Given data Start Marker

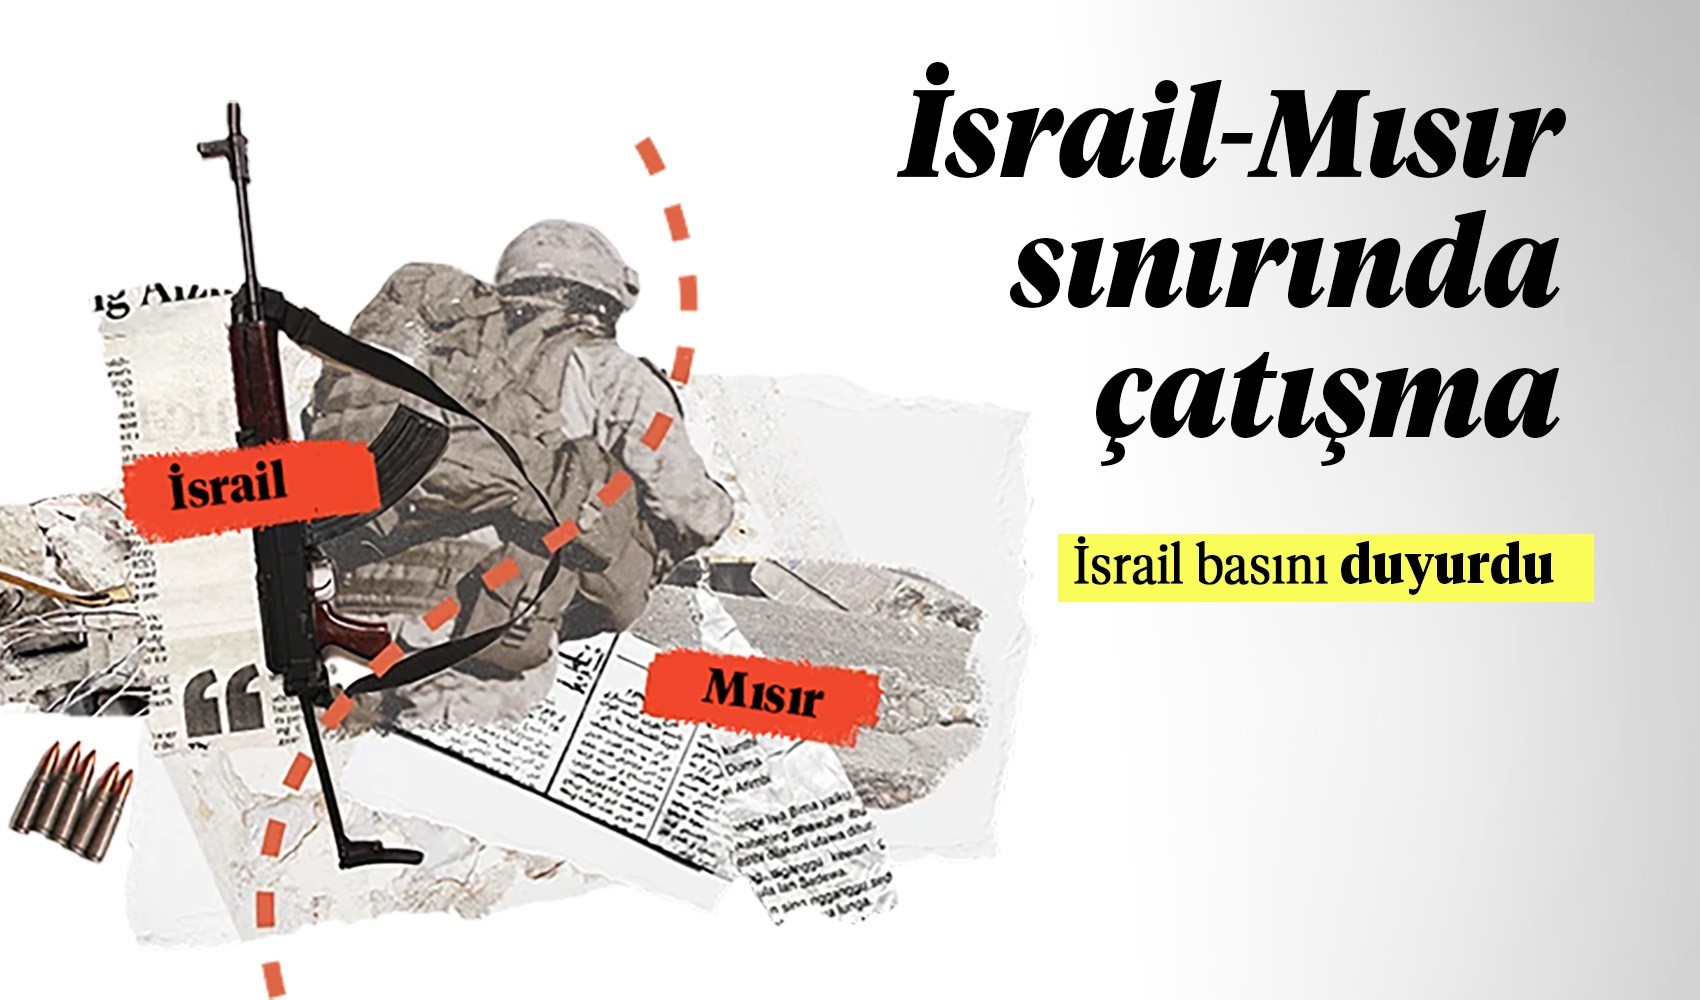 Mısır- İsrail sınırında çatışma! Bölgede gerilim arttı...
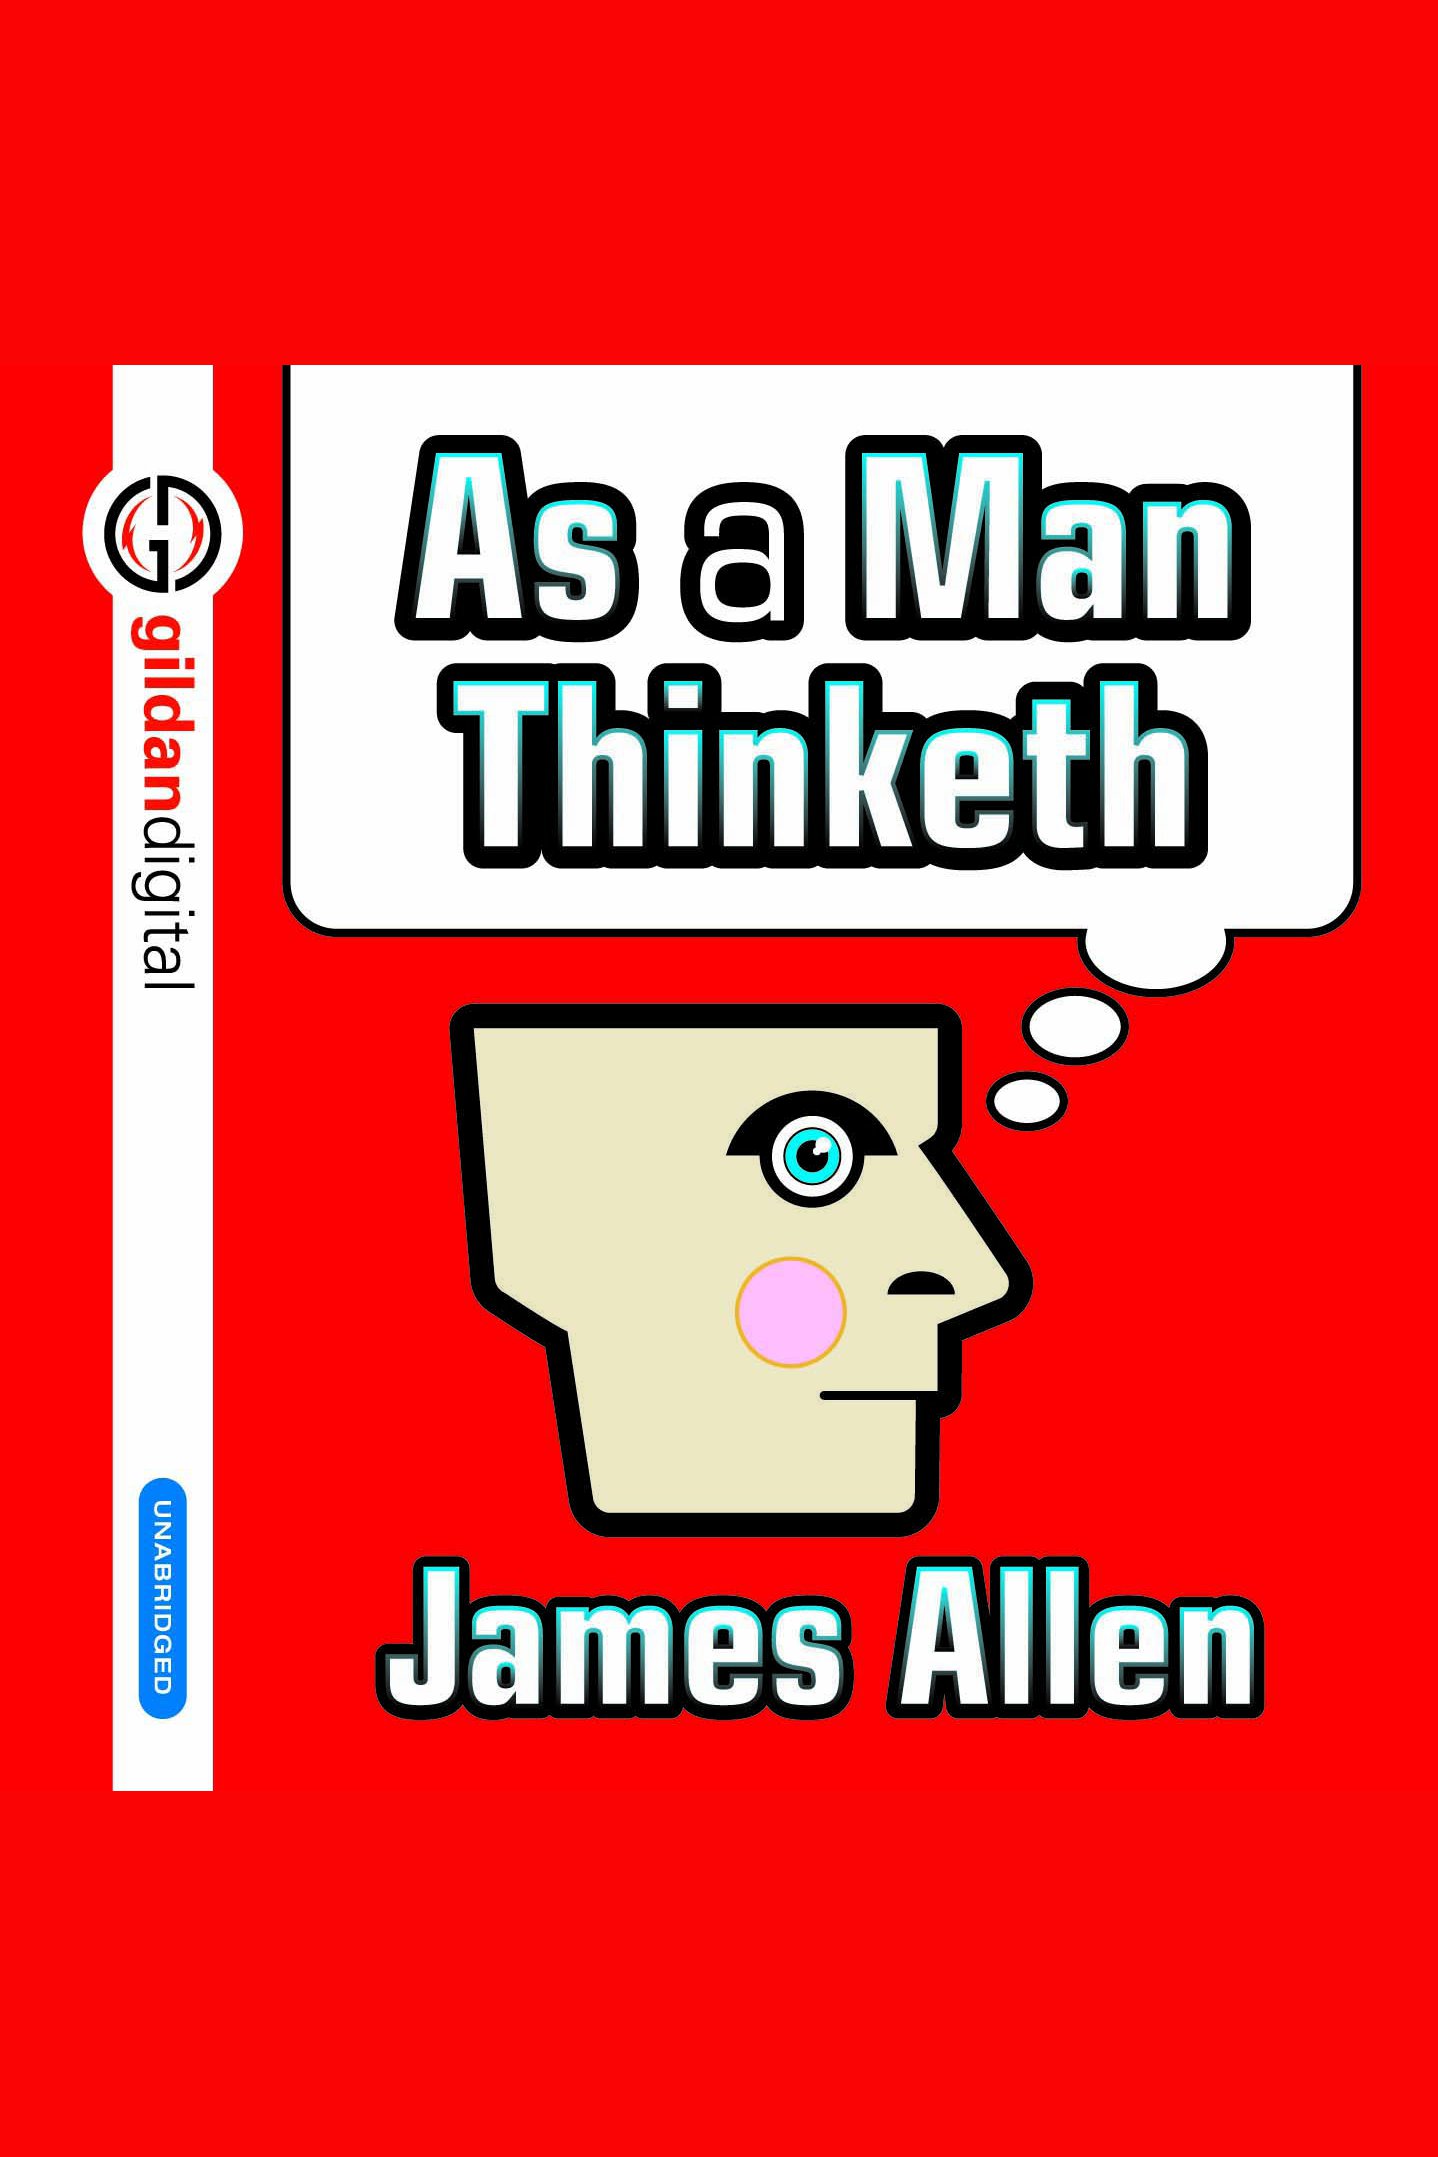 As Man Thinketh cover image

Given data End Marker
Given data Start Marker

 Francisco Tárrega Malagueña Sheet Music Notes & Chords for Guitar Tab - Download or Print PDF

Given data End Marker
Given data Start Marker

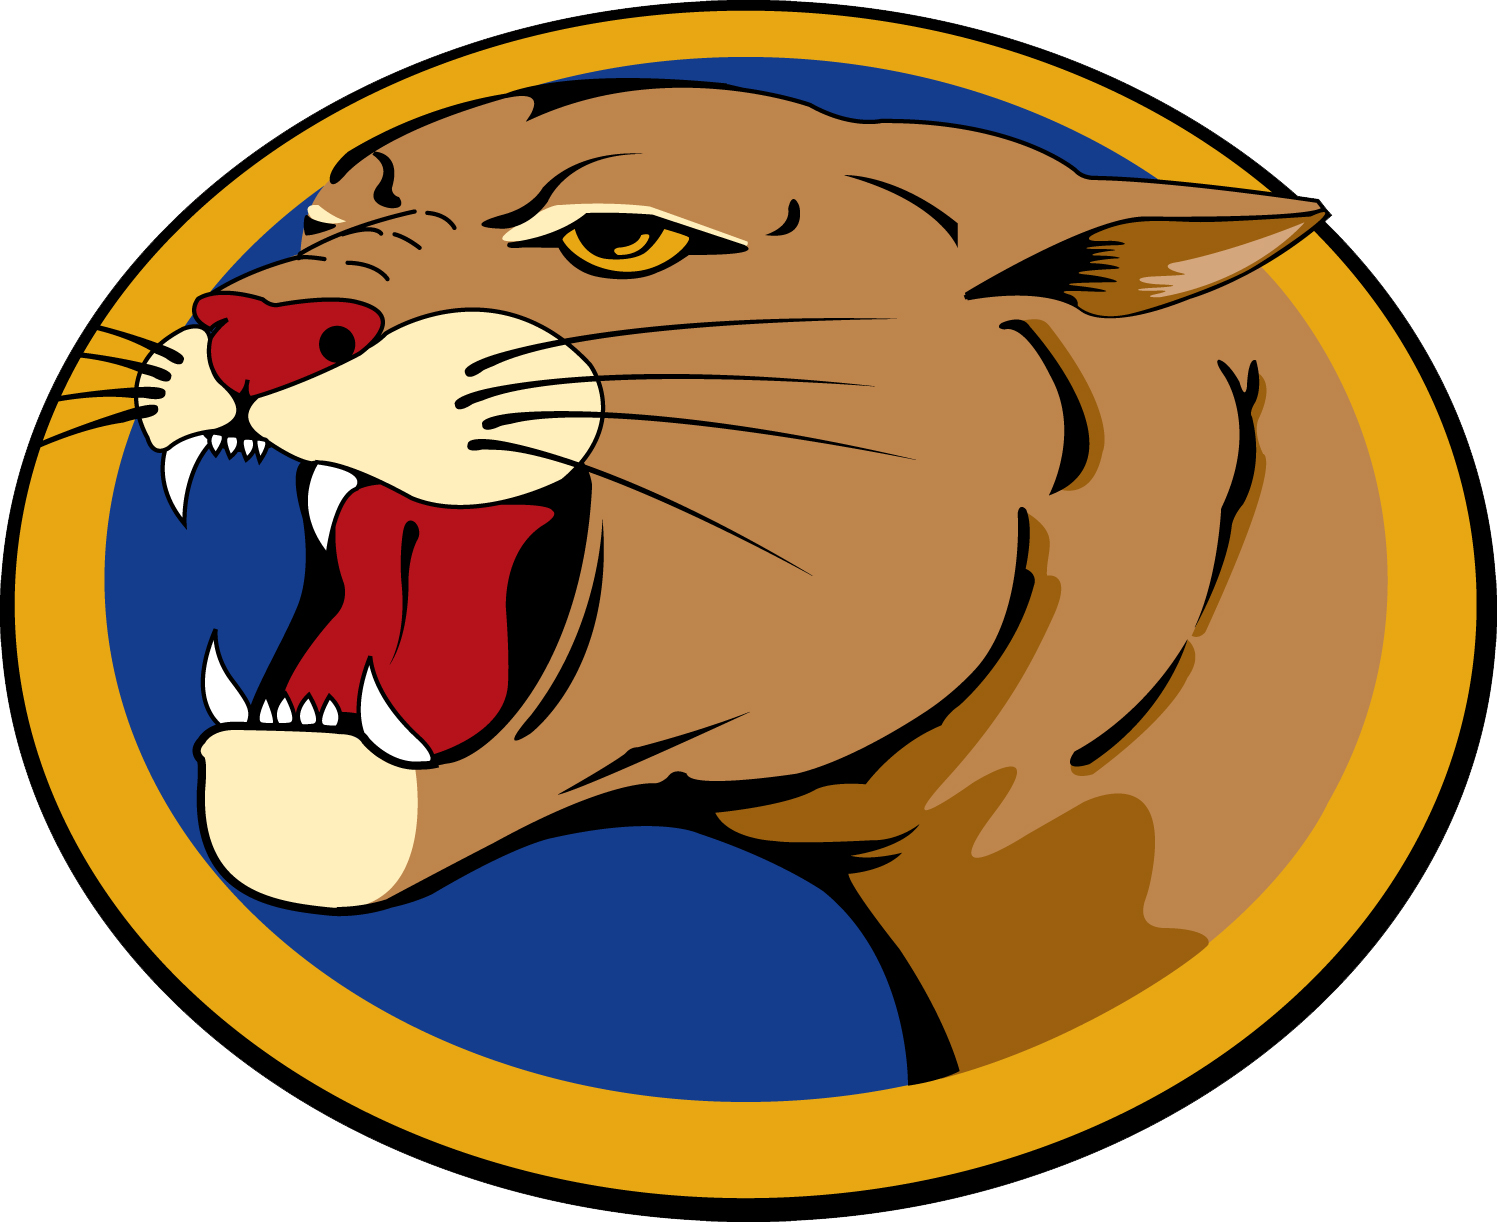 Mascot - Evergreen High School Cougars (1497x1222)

Given data End Marker

**What to produce:**
Keep to the lines above from the line with "Mısır- İsrail sınırında" to the line with "As Man Thinketh cover image", and set down exactly those, inclusive, with nothing else and every picture left out.

**Answer to this problem:**
 Mısır- İsrail sınırında çatışma! Bölgede gerilim arttı...
 As Man Thinketh cover image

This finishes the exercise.